Predicate-centered focus from a cross-linguistic perspective

Convenors: Tom Güldemann & Ines Fiedler

While notions like argument focus, topic, givenness, and contrast have been playing an important role in the previous analysis of information structure, other categories have only been investigated marginally. Recent research has shown, however, that these are equally important for the grammatical organization of a number of typologically diverse languages. Our proposed theme
session arises from a cross-linguistic research project on African languages dedicated to one of these neglected topics, viz. so-called “predicate-centered focus (PCF)” and attempts to broaden the empirical scope, particularly on non-African data.

PCF subsumes several categories that are typically tied semantically and morpho-syntactically to the verb or predicate as the carrier of both illocutionary force and propositional content. The following types of predicate-centered focus can be distinguished: on the one hand focus on the state of affairs
(often called simply verb focus) and on the other hand focus on sentential operators for polarity, aspect, tense, etc., of which truth value focus is possibly the most well-known. A first important issue is to answer whether PCF and its individual subtypes are cross-linguistically valid. Also, do the PCF subtypes differ with respect to their importance in the coding system and their
salience in language use?

Languages differ considerably as to how they encode predicate-centered focus and its different subtypes formally. Apart from the principal question as to what formal strategies are employed to express PCF, two main parameters have to be evaluated in this respect: a) the formal relation of PCF to other focus types and b) the formal relation among the PCF subtypes outlined above. Furthermore, what is the impact on PCF marking if the predicate is morpho-syntactically complex? To investigate these and related issues is another main goal of the theme session.

Another range of topics concerns the functional nature of PCF and its relation to other grammatical categories. Of special interest is the relation between PCF and certain TAM forms as well as negation, which relates to Hyman and Watters’ (1984) hypothesis about inherently focused verb categories. Other questions are from which non-focus categories PCF can develop and into which non-focus categories it can grammaticalize (cf., e.g., Güldemann 2003 for the possible shift from PCF to present progressive).

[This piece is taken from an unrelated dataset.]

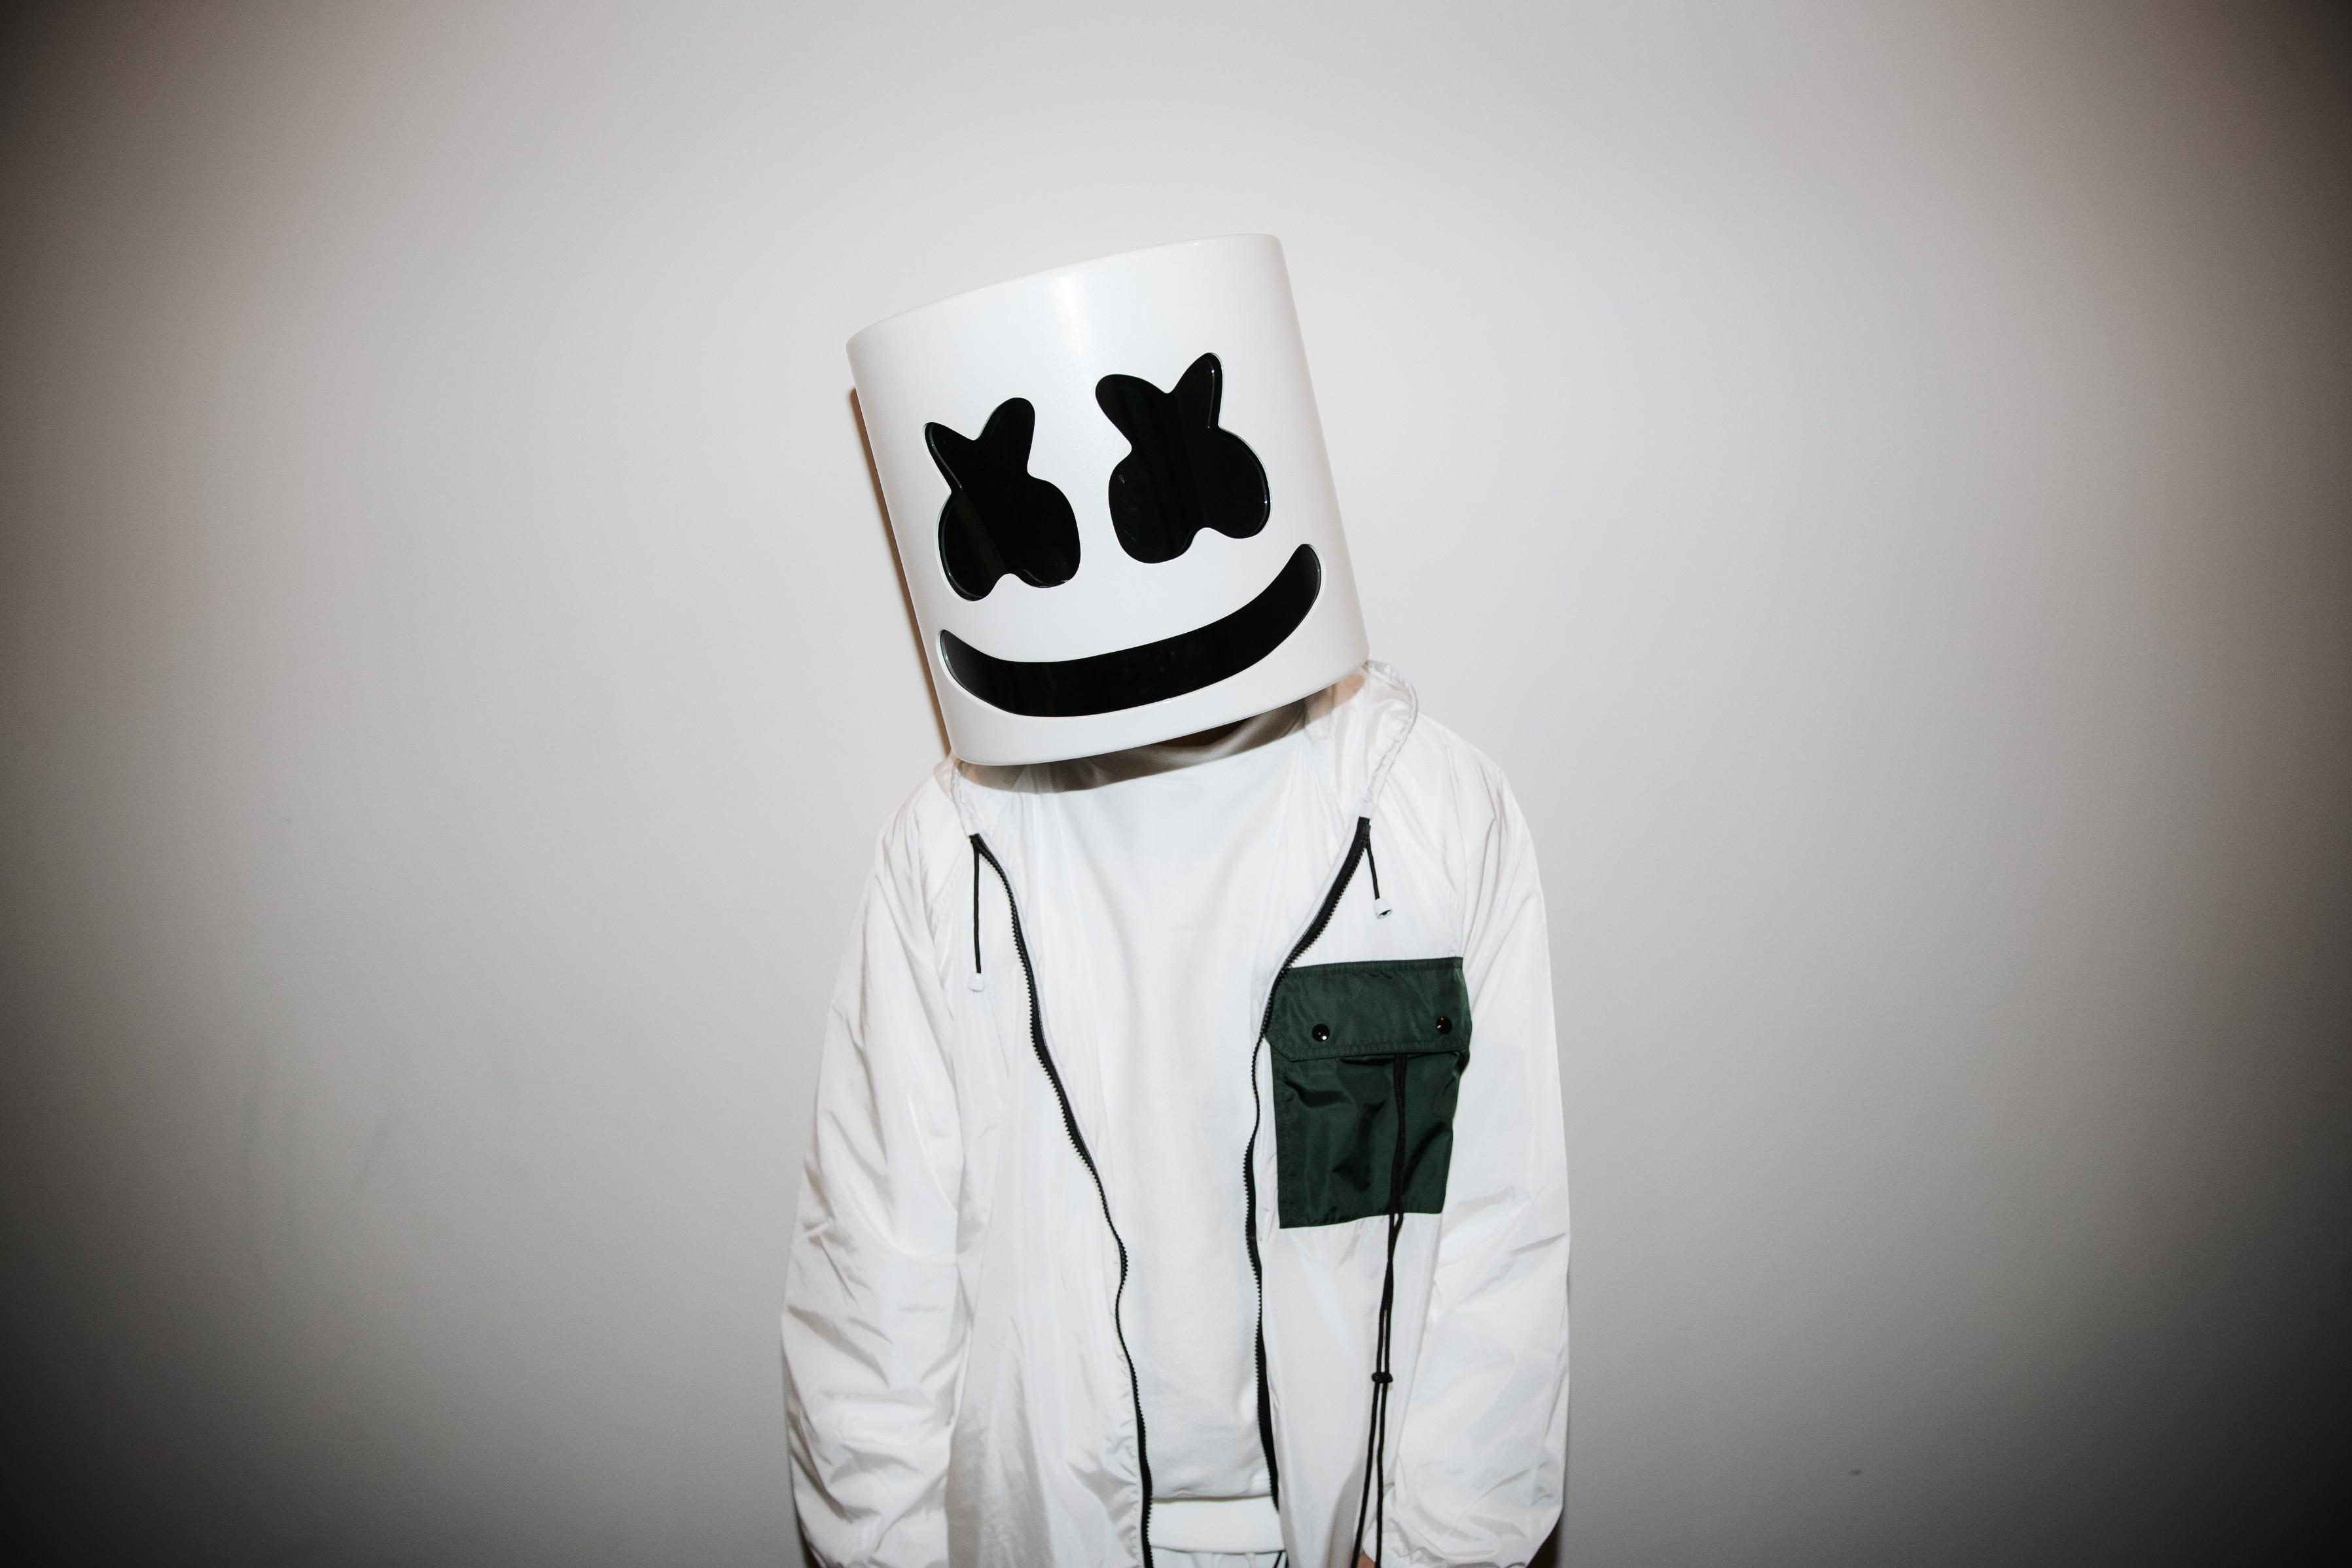 Marshmello开嗓,新专辑将拉手中国艺人连接音乐桥梁

Papers treating PCF from a typological perspective or dealing with individual languages which are little studied in this domain are both welcome. We also invite papers which discuss the above mentioned issues within a genealogical group of languages or in general from a historical point of view. We are further interested in contributions which elucidate the role of PCF in discourse and approach it on the basis of larger corpora.

References

Güldemann, Tom. 2003. Present progressive vis-à-vis predication focus in Bantu: a verbal category between semantics and pragmatics. Studies in Language 27,2: 323-360.

Hyman, Larry M. and John R. Watters. 1984. Auxiliary focus. Studies in African Linguistics 15,3: 233-273.